After completing a circuit, the implementation must check whether
its guard is usable. A guard is usable according to these rules:
Primary guards are always usable.
Non-primary guards are usable for a given circuit if every guard earlier
in the preference list is either unsuitable for that circuit
(e.g. because of family restrictions), or marked as Unreachable, or has
been pending for at least `{NONPRIMARY_GUARD_CONNECT_TIMEOUT}`.
Non-primary guards are unusable for a given circuit if some guard earlier
in the preference list is suitable for the circuit _and_ Reachable.
Non-primary guards are unusable if they have not become usable after
`{NONPRIMARY_GUARD_IDLE_TIMEOUT}` seconds.
If a circuit's guard is neither usable nor unusable immediately, the
circuit is not discarded; instead, it is kept (but not used) until it
becomes usable or unusable.
> I am not 100% sure whether this description produces the same behavior
> as the current guard-spec, but it is simpler to describe, and has
> proven to be simpler to implement.
## Implications for program design.
(This entire section is implementation detail to explain why this is a
simplification from the previous algorithm. It is for explanatory
purposes only and is not part of the spec.)
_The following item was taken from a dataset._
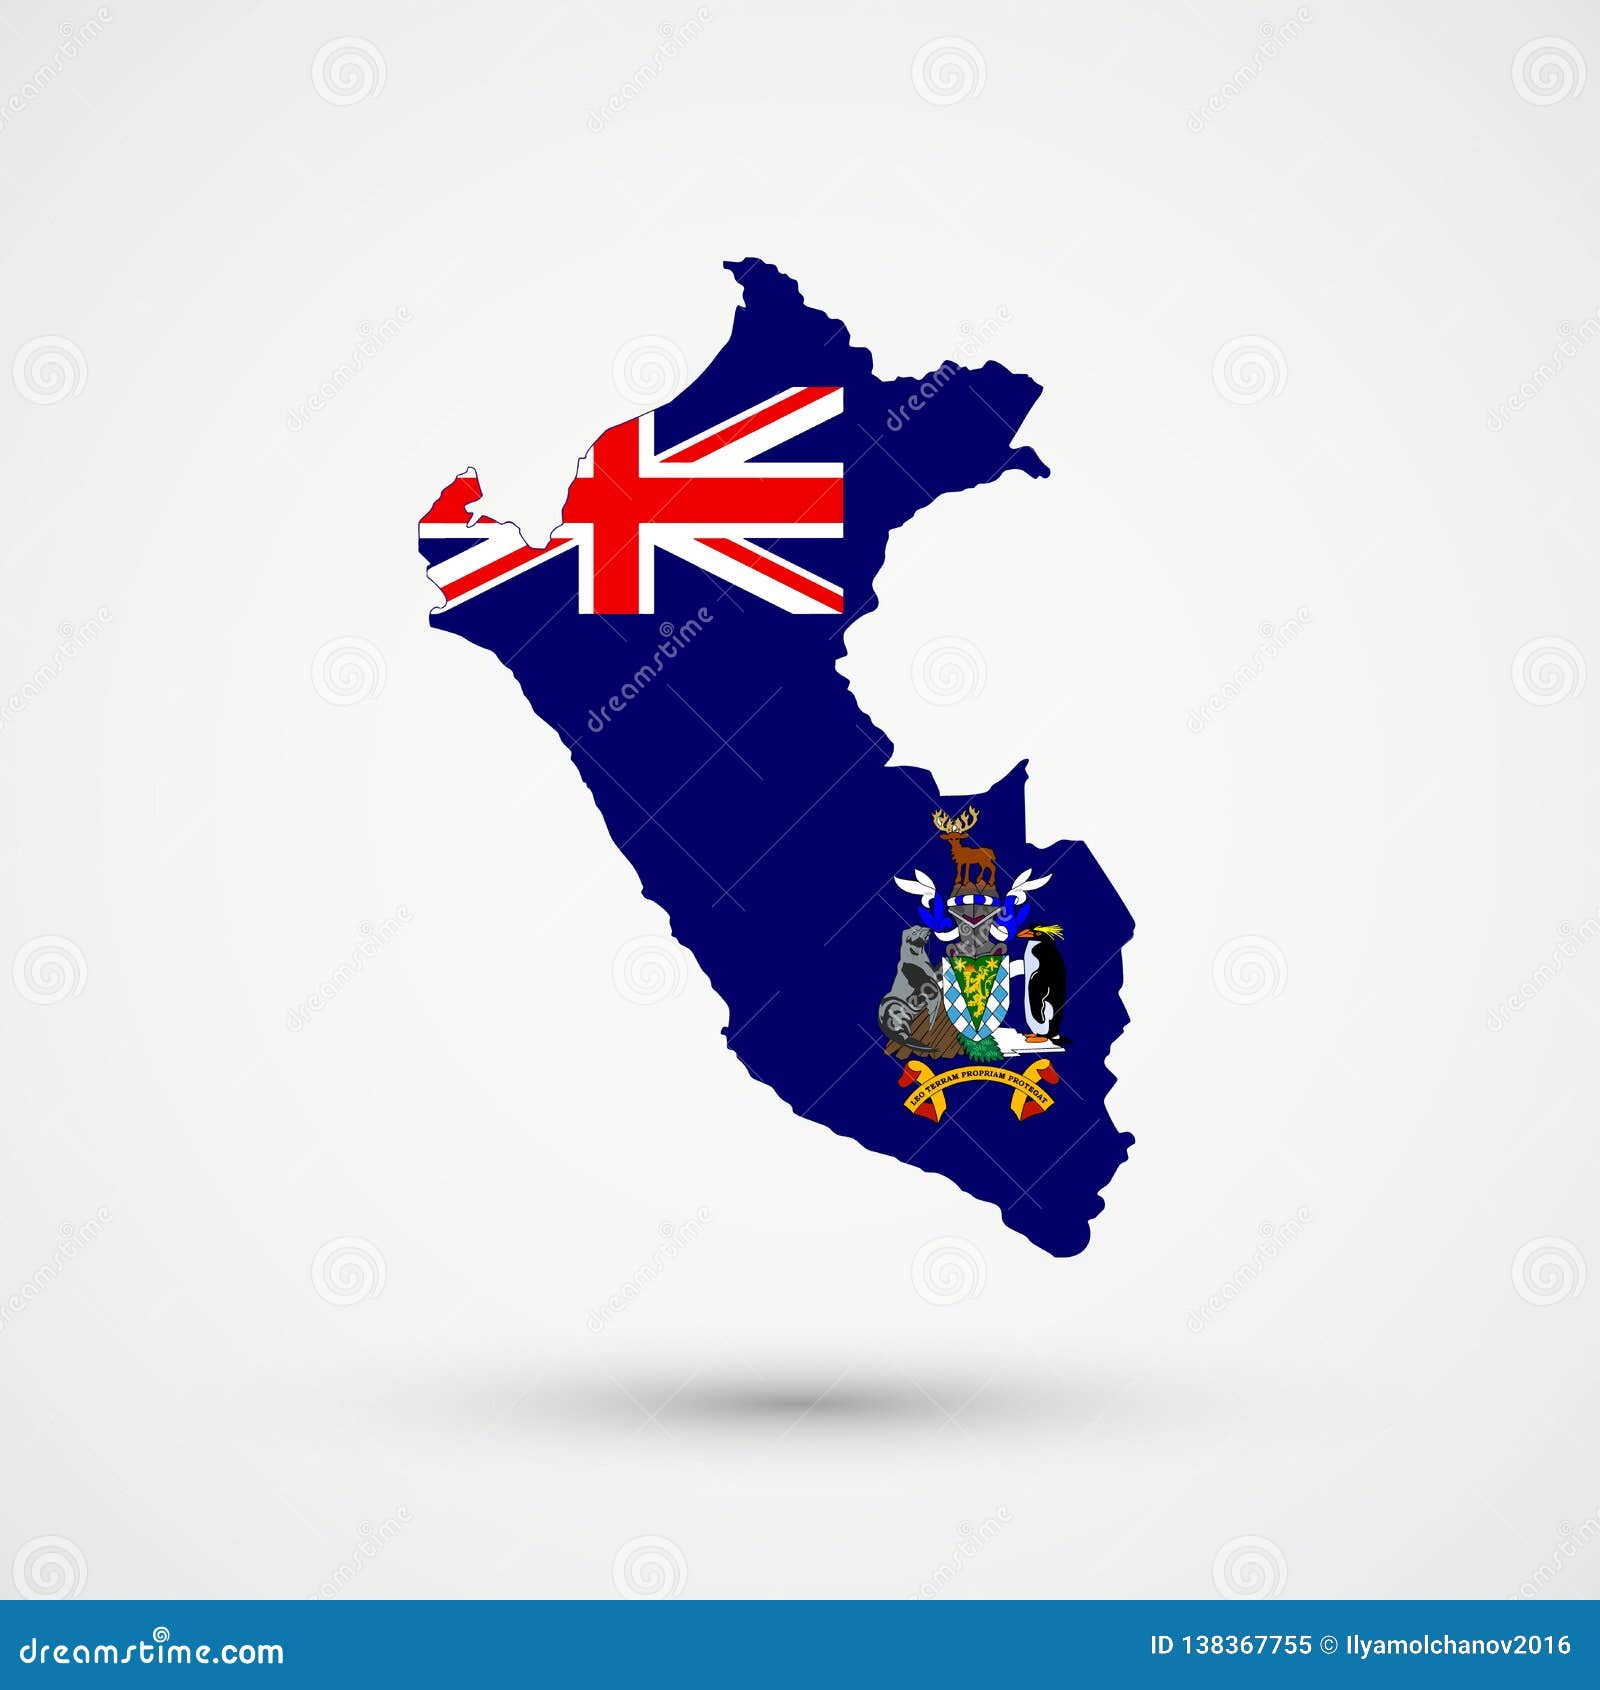 Mapa De Peru En Escudo De Armas De Georgia Del Sur Y De Los

With this algorithm, we cut down the interaction between the guard code
and the circuit code considerably, but we do not remove it entirely.
Instead, there remains (in Arti terms) a pair of communication channels
between the circuit manager and the guard manager:
* Whenever a guard is given to the circuit manager, the circuit manager
receives the write end of a single-use channel to
report whether the guard has succeeded or failed.
* Whenever a non-primary guard is given to the circuit manager, the
circuit receives the read end of a single-use channel that will tell
it whether the guard is usable or unusable. This channel doesn't
report anything until the guard has one status or the other.
With this design, the circuit manager never needs to look at the list of
guards, and the guard manager never needs to look at the list of
circuits.
## Subtleties concerning "guard success"
Note that the above definitions of a Reachable guard depend on reporting
when the _guard_ is successful or failed. This is not necessarily the
same as reporting whether the _circuit_ is successful or failed. For
example, a circuit that fails after the first hop does not necessarily
indicate that there's anything wrong with the guard. Similarly, we can
reasonably conclude that the guard is working (at least somewhat) as
long as we have an open channel to it.